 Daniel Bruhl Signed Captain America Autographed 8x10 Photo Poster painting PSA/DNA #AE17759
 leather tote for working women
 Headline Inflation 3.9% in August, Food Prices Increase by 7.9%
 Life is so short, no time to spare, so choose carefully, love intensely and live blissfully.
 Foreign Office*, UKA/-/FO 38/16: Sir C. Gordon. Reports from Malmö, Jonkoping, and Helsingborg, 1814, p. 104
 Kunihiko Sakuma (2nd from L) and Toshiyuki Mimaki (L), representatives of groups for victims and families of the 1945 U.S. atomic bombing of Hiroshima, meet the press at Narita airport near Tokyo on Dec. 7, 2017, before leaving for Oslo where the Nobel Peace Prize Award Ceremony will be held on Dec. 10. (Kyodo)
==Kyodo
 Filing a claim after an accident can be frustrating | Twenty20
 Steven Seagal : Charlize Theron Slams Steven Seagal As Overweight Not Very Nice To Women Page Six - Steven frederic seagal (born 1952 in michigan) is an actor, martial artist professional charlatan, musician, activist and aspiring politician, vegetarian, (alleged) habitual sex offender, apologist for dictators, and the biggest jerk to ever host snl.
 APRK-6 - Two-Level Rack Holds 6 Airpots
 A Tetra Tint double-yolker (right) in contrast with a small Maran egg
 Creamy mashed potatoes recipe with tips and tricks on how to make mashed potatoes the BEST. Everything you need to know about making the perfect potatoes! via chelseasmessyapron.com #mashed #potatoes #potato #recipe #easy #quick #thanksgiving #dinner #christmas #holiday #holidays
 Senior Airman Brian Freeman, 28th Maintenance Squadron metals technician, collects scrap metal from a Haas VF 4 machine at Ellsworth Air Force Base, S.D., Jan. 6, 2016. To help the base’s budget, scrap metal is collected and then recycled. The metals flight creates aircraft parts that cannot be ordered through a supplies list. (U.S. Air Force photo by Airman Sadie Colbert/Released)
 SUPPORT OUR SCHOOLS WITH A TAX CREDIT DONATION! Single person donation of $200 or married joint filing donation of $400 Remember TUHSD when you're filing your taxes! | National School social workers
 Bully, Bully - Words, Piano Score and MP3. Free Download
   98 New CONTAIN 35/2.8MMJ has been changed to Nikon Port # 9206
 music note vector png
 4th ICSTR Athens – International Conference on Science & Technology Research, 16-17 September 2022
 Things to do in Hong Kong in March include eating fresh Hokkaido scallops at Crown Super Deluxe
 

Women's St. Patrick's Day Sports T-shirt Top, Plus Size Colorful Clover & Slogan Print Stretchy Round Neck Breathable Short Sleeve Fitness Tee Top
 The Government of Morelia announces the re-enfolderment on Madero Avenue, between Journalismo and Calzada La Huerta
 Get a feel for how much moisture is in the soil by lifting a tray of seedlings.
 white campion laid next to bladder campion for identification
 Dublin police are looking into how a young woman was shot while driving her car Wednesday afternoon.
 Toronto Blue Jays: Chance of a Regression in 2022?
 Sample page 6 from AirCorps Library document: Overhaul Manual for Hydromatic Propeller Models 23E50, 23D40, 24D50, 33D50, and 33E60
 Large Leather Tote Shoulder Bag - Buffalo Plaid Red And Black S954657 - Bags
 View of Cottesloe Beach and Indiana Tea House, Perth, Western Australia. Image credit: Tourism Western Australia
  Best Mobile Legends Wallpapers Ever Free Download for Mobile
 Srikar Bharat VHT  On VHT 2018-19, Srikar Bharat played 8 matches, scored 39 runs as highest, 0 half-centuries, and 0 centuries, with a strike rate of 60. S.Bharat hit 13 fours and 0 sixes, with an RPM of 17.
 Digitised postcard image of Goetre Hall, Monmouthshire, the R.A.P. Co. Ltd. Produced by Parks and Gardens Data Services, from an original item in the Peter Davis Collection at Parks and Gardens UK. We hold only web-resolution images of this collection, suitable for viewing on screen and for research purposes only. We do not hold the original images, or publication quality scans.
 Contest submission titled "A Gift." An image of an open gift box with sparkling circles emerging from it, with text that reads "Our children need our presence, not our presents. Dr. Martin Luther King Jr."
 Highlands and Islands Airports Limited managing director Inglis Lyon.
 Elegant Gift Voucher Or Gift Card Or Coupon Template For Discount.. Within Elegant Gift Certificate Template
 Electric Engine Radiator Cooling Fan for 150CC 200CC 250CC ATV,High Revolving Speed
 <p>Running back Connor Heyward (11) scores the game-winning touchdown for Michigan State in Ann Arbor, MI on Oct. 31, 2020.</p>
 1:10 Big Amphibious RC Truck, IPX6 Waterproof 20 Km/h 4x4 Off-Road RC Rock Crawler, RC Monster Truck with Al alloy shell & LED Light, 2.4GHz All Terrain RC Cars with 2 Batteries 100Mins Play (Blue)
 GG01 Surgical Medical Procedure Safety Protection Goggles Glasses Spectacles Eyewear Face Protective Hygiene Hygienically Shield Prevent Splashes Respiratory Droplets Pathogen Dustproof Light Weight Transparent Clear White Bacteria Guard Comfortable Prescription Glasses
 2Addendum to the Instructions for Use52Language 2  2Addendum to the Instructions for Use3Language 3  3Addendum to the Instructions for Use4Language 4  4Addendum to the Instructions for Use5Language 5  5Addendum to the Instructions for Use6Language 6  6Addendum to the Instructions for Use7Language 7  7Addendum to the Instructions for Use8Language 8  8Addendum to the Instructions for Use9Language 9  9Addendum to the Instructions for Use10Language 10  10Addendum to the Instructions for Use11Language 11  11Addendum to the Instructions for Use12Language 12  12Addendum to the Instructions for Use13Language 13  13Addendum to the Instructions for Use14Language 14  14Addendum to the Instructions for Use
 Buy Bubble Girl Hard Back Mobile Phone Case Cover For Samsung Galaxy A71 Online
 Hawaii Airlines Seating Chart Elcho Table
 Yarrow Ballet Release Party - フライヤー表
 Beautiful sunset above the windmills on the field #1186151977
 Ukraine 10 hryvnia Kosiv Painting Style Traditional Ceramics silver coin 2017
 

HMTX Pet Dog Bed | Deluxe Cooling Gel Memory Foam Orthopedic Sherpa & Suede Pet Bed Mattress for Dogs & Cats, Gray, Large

**Exercise directions:** Return the material in full. Each line must match.

**Solution:**
 Daniel Bruhl Signed Captain America Autographed 8x10 Photo Poster painting PSA/DNA #AE17759
 leather tote for working women
 Headline Inflation 3.9% in August, Food Prices Increase by 7.9%
 Life is so short, no time to spare, so choose carefully, love intensely and live blissfully.
 Foreign Office*, UKA/-/FO 38/16: Sir C. Gordon. Reports from Malmö, Jonkoping, and Helsingborg, 1814, p. 104
 Kunihiko Sakuma (2nd from L) and Toshiyuki Mimaki (L), representatives of groups for victims and families of the 1945 U.S. atomic bombing of Hiroshima, meet the press at Narita airport near Tokyo on Dec. 7, 2017, before leaving for Oslo where the Nobel Peace Prize Award Ceremony will be held on Dec. 10. (Kyodo)
==Kyodo
 Filing a claim after an accident can be frustrating | Twenty20
 Steven Seagal : Charlize Theron Slams Steven Seagal As Overweight Not Very Nice To Women Page Six - Steven frederic seagal (born 1952 in michigan) is an actor, martial artist professional charlatan, musician, activist and aspiring politician, vegetarian, (alleged) habitual sex offender, apologist for dictators, and the biggest jerk to ever host snl.
 APRK-6 - Two-Level Rack Holds 6 Airpots
 A Tetra Tint double-yolker (right) in contrast with a small Maran egg
 Creamy mashed potatoes recipe with tips and tricks on how to make mashed potatoes the BEST. Everything you need to know about making the perfect potatoes! via chelseasmessyapron.com #mashed #potatoes #potato #recipe #easy #quick #thanksgiving #dinner #christmas #holiday #holidays
 Senior Airman Brian Freeman, 28th Maintenance Squadron metals technician, collects scrap metal from a Haas VF 4 machine at Ellsworth Air Force Base, S.D., Jan. 6, 2016. To help the base’s budget, scrap metal is collected and then recycled. The metals flight creates aircraft parts that cannot be ordered through a supplies list. (U.S. Air Force photo by Airman Sadie Colbert/Released)
 SUPPORT OUR SCHOOLS WITH A TAX CREDIT DONATION! Single person donation of $200 or married joint filing donation of $400 Remember TUHSD when you're filing your taxes! | National School social workers
 Bully, Bully - Words, Piano Score and MP3. Free Download
   98 New CONTAIN 35/2.8MMJ has been changed to Nikon Port # 9206
 music note vector png
 4th ICSTR Athens – International Conference on Science & Technology Research, 16-17 September 2022
 Things to do in Hong Kong in March include eating fresh Hokkaido scallops at Crown Super Deluxe
 

Women's St. Patrick's Day Sports T-shirt Top, Plus Size Colorful Clover & Slogan Print Stretchy Round Neck Breathable Short Sleeve Fitness Tee Top
 The Government of Morelia announces the re-enfolderment on Madero Avenue, between Journalismo and Calzada La Huerta
 Get a feel for how much moisture is in the soil by lifting a tray of seedlings.
 white campion laid next to bladder campion for identification
 Dublin police are looking into how a young woman was shot while driving her car Wednesday afternoon.
 Toronto Blue Jays: Chance of a Regression in 2022?
 Sample page 6 from AirCorps Library document: Overhaul Manual for Hydromatic Propeller Models 23E50, 23D40, 24D50, 33D50, and 33E60
 Large Leather Tote Shoulder Bag - Buffalo Plaid Red And Black S954657 - Bags
 View of Cottesloe Beach and Indiana Tea House, Perth, Western Australia. Image credit: Tourism Western Australia
  Best Mobile Legends Wallpapers Ever Free Download for Mobile
 Srikar Bharat VHT  On VHT 2018-19, Srikar Bharat played 8 matches, scored 39 runs as highest, 0 half-centuries, and 0 centuries, with a strike rate of 60. S.Bharat hit 13 fours and 0 sixes, with an RPM of 17.
 Digitised postcard image of Goetre Hall, Monmouthshire, the R.A.P. Co. Ltd. Produced by Parks and Gardens Data Services, from an original item in the Peter Davis Collection at Parks and Gardens UK. We hold only web-resolution images of this collection, suitable for viewing on screen and for research purposes only. We do not hold the original images, or publication quality scans.
 Contest submission titled "A Gift." An image of an open gift box with sparkling circles emerging from it, with text that reads "Our children need our presence, not our presents. Dr. Martin Luther King Jr."
 Highlands and Islands Airports Limited managing director Inglis Lyon.
 Elegant Gift Voucher Or Gift Card Or Coupon Template For Discount.. Within Elegant Gift Certificate Template
 Electric Engine Radiator Cooling Fan for 150CC 200CC 250CC ATV,High Revolving Speed
 <p>Running back Connor Heyward (11) scores the game-winning touchdown for Michigan State in Ann Arbor, MI on Oct. 31, 2020.</p>
 1:10 Big Amphibious RC Truck, IPX6 Waterproof 20 Km/h 4x4 Off-Road RC Rock Crawler, RC Monster Truck with Al alloy shell & LED Light, 2.4GHz All Terrain RC Cars with 2 Batteries 100Mins Play (Blue)
 GG01 Surgical Medical Procedure Safety Protection Goggles Glasses Spectacles Eyewear Face Protective Hygiene Hygienically Shield Prevent Splashes Respiratory Droplets Pathogen Dustproof Light Weight Transparent Clear White Bacteria Guard Comfortable Prescription Glasses
 2Addendum to the Instructions for Use52Language 2  2Addendum to the Instructions for Use3Language 3  3Addendum to the Instructions for Use4Language 4  4Addendum to the Instructions for Use5Language 5  5Addendum to the Instructions for Use6Language 6  6Addendum to the Instructions for Use7Language 7  7Addendum to the Instructions for Use8Language 8  8Addendum to the Instructions for Use9Language 9  9Addendum to the Instructions for Use10Language 10  10Addendum to the Instructions for Use11Language 11  11Addendum to the Instructions for Use12Language 12  12Addendum to the Instructions for Use13Language 13  13Addendum to the Instructions for Use14Language 14  14Addendum to the Instructions for Use
 Buy Bubble Girl Hard Back Mobile Phone Case Cover For Samsung Galaxy A71 Online
 Hawaii Airlines Seating Chart Elcho Table
 Yarrow Ballet Release Party - フライヤー表
 Beautiful sunset above the windmills on the field #1186151977
 Ukraine 10 hryvnia Kosiv Painting Style Traditional Ceramics silver coin 2017
 

HMTX Pet Dog Bed | Deluxe Cooling Gel Memory Foam Orthopedic Sherpa & Suede Pet Bed Mattress for Dogs & Cats, Gray, Large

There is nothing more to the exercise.